# REQUIRED ACTION
Below are the records; tally the lines in them that include the word "Shirt" and reply with the number alone.
Segment Open
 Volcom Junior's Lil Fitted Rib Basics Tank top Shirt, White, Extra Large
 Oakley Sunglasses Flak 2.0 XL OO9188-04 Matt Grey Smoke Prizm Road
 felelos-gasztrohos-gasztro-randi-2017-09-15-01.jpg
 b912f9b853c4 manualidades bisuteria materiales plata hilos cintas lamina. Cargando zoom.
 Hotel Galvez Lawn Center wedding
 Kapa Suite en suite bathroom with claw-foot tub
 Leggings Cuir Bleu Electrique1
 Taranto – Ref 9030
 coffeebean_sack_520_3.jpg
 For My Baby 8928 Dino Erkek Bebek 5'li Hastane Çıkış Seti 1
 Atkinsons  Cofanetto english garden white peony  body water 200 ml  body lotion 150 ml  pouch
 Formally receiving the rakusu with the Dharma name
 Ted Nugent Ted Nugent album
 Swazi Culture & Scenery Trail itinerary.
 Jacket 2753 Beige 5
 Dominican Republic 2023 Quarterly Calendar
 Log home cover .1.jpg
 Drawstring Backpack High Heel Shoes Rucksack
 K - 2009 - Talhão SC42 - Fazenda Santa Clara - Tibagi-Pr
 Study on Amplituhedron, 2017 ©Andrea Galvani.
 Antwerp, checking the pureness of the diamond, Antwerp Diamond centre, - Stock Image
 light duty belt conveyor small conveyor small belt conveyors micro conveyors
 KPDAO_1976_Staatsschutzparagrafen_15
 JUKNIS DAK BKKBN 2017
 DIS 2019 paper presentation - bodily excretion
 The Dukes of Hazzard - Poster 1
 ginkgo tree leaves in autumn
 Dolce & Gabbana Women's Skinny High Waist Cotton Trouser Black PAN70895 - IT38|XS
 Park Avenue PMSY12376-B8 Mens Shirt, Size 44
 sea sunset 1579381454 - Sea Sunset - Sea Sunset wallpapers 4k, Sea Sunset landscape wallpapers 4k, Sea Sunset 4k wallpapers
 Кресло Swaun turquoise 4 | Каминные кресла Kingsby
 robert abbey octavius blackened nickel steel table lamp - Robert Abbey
Segment Closed
# EXPECTED ANSWER
2